Thanks to master motivator, personal coach and prolific author, Rabbi Zelig Pliskin, we now have Conversations With Yourself -- A practical guide to greater happiness, self-development and self-empowerment (available at your local Jewish bookstore, at JudaicaEnterprises.com or by calling toll-free to 877-758-3242).

Writes Rabbi Pliskin, "What are some of the things you can do to upgrade your self-talk? Start by appreciating the positive self-talk that you've already engaged in throughout your life. Your best moments are your best teachers.

"There are many ways to enhance your self-talk. The articles and books you read can help upgrade your self-conversations -- so can the classes and recordings you listen to, and the positive people with whom you talk. Repeat to yourself with enthusiasm, 'I am totally committed and resolved to upgrade the level of my self-talk.' Repeat it as often as necessary to ensure that your self-conversations are making a positive difference in your life."

"What you do want to be like? Write the traits that you wish to master on a card that you carry with you. Focusing on the following four traits will have a tremendous effect on your entire life: Happiness (including gratitude), kindness, courage and serenity. From time to time throughout the day, take out your card and read it -- with optimism and enthusiasm. As you think about these specific desired traits, you will find yourself thinking, speaking, and acting in ways that are consistent with these ways of being. Personal growth is a lifetime process.

"Talk to yourself about what you do want, not what you don't want. If someone who smokes cigarettes says to himself, 'I don't want to smoke cigarettes,' what image will he be creating in his mind? Smoking cigarettes, of course. And if someone says to himself, 'I don't want to procrastinate,' what image will he be creating in his mind?
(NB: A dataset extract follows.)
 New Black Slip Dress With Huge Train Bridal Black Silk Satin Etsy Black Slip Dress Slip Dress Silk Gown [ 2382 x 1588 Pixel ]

Procrastinating, of course.

"When you talk about the patterns that you do want for yourself, the pictures you imagine are the pictures of you being the way you wish to be. When you do this, you influence and condition your mind in a positive way. Consistently repeating mental pictures of your goal will spontaneously lead to positive actions and behaviors that will help you reach it.

"Those who frequently and repeatedly make mental pictures of what they want to be like find that their behavior actually begins to align with their mental pictures. Think of a pattern of behavior that you would truly like to make habitual for yourself. See yourself speaking and acting in ways that are consistent with this pattern. Talk to yourself about this pattern of behavior. Repeat these pictures many times every day. Keep this up for a long enough period of time, and you will inevitably see positive results!"

Conversations with Yourself draws on the wisdom of the Jewish sages, on personal humor and on experiences common to all. It is worth the investment in this book to transform habitual negative self-talk into a positive inner dialogue!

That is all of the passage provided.